In Italia, come documenta l’ultimo rapporto AIFA sulla farmacovigilanza l’incidenza sembra ancora più bassa: infatti, su 3.977.851 somministrazioni di AstraZeneca (dati aggiornati al 26 aprile 2021) sono stati riportati 34 casi di trombosi venose in sede atipica. Tuttavia nei soggetti più giovani, già a minor rischio di Covid-19 severa, in condizioni di bassa circolazione virale l’incidenza di effetti avversi, seppur molto bassa, supera i potenziali benefici del vaccino nel prevenire ospedalizzazione, ricovero in terapia intensiva o decesso. «In altre parole – precisa Cartabellotta – nel quadro epidemiologico italiano delle ultime tre settimane, nelle persone di età inferiore a 50 anni i rischi dei vaccini a vettore virale superano i benefici.
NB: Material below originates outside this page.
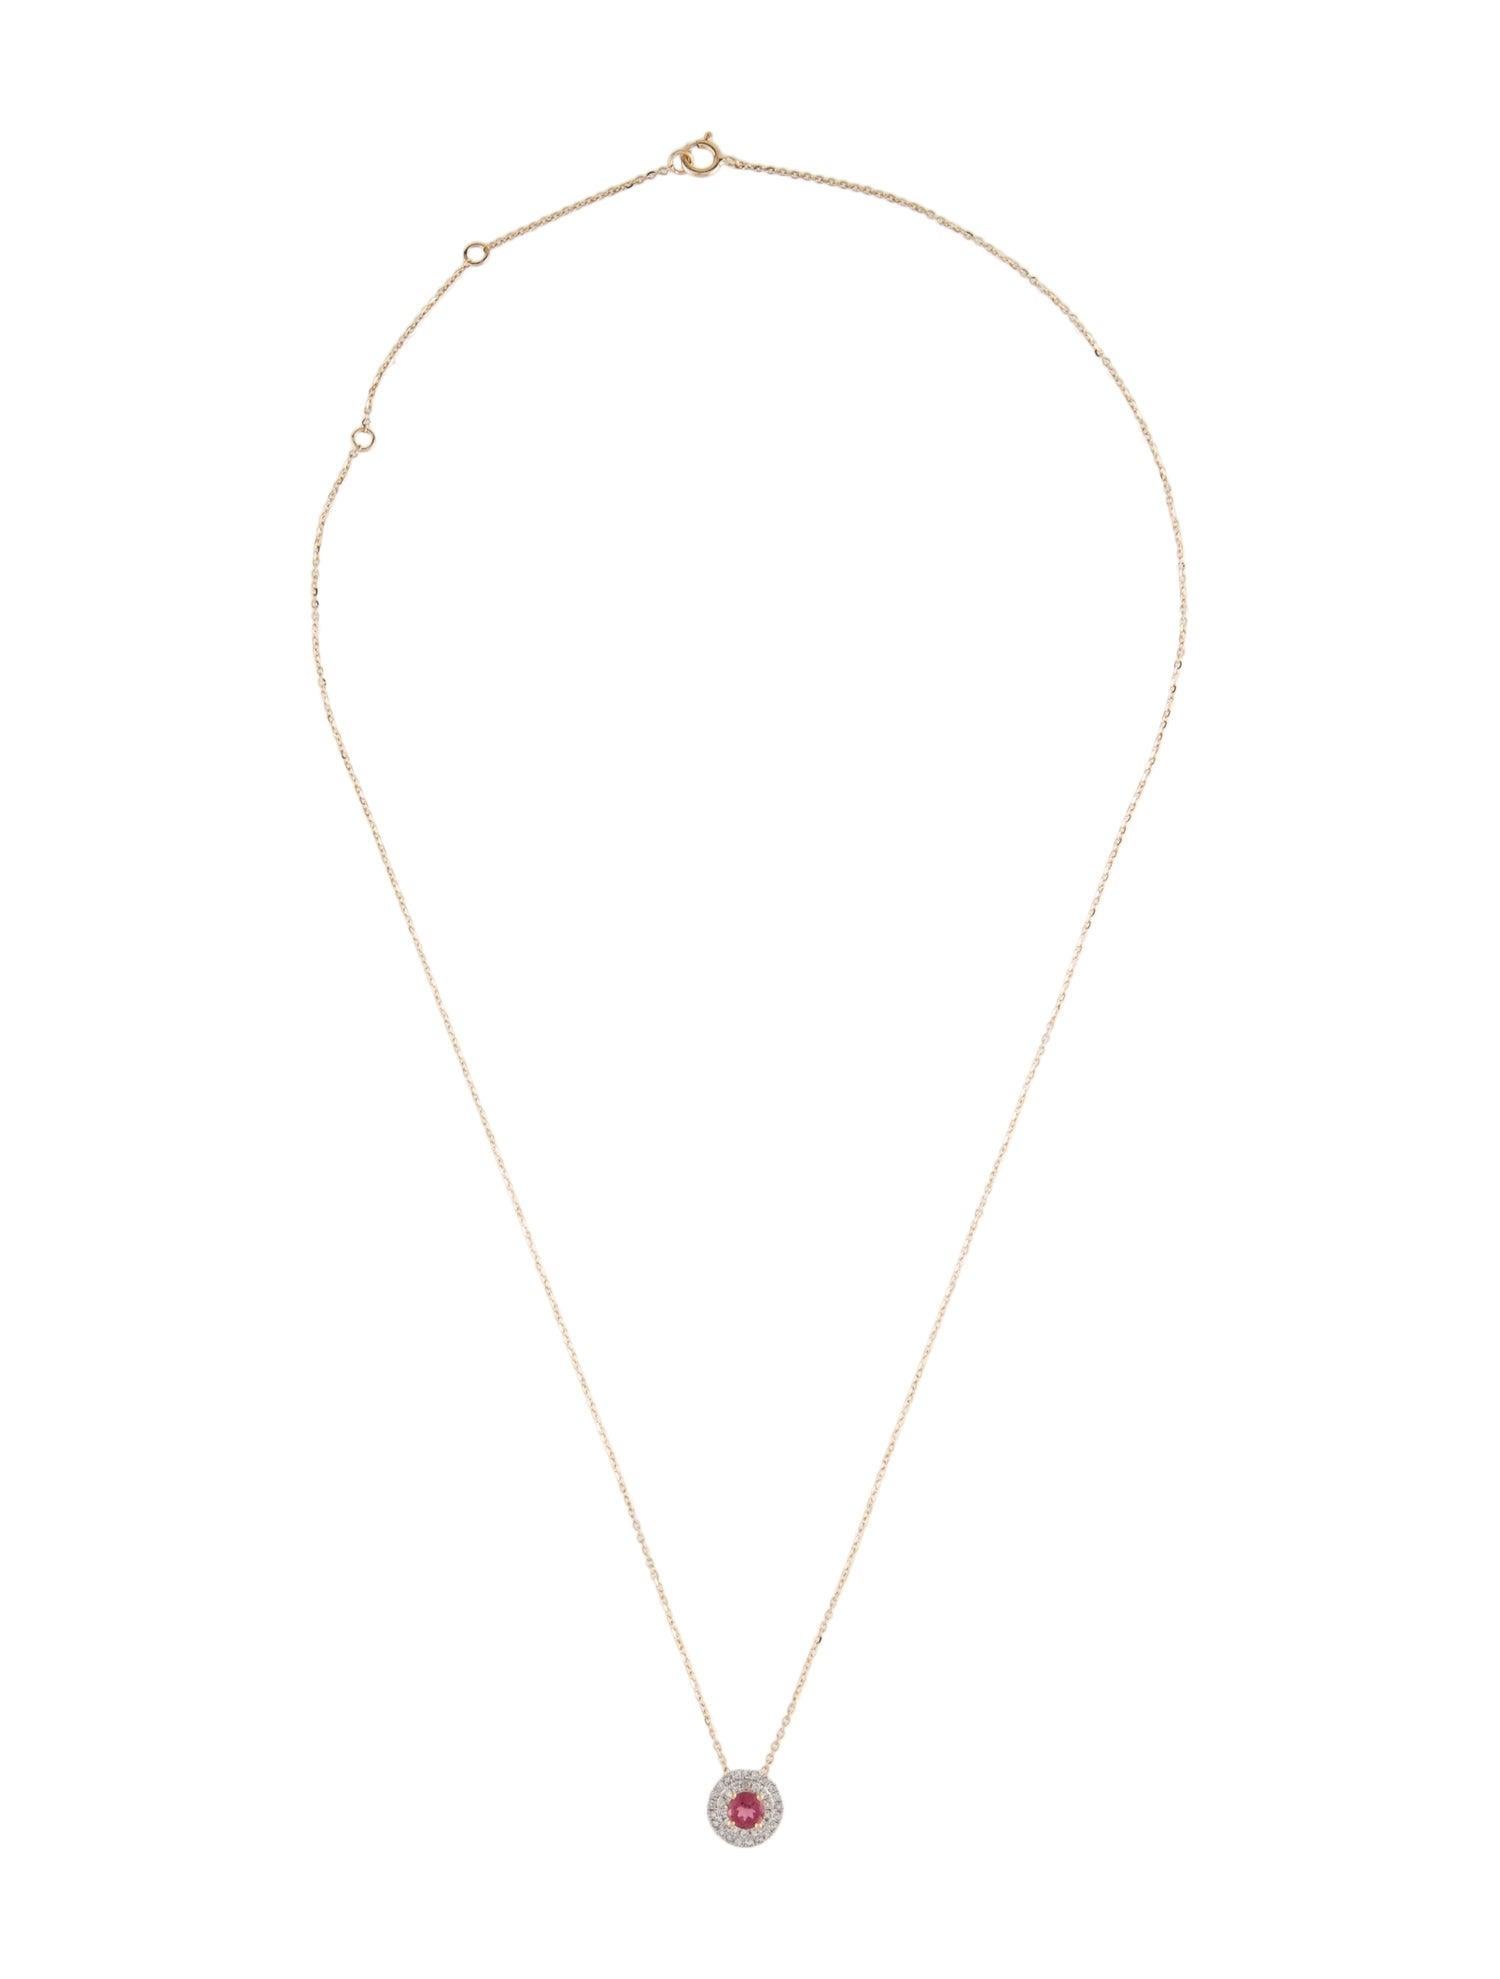 Brilliant Cut 14K Tourmaline & Diamond Pendant Necklace: Exquisite Luxury Statement Jewelry For Sale

Ed è anacronistico che, a fronte delle indicazioni del Ministero della Salute che già dallo scorso 7 aprile raccomandava AstraZeneca “preferenzialmente” per gli over 60, nelle ultime 3 settimane, su un totale di 1.431.813 dosi di vaccini a vettore adenovirale somministrate, il 33,1% (473.578 dosi) siano state somministrate a persone under 50 e l’11% (158.156 dosi) nella fascia 18-29».
«Se da un lato non bisogna rallentare il ritmo della campagna vaccinale – conclude Cartabellotta – è indispensabile massimizzarne i benefici e minimizzarne i rischi, evitando al contempo di compromettere definitivamente la fiducia per i vaccini a vettore virale (AstraZeneca e Johnson&Johnson). Di conseguenza, in questa fase di bassa circolazione virale i vaccini a mRNA dovrebbero essere riservati alle fasce più giovani della popolazione, destinando agli over 50 quelli a vettore adenovirale che mantengono un ottimo profilo rischio-beneficio anche con bassa incidenza dei casi. Da valutare la possibilità di controindicarne l’uso nelle persone più giovani, in particolare negli under 30. Indispensabile, in ogni caso, migliorare l’informazione sul profilo rischi/benefici con un consenso informato più dettagliato per gli under 50 che volessero comunque immunizzarsi con vaccino a vettore virale, i cui eventi avversi restano comunque molto rari».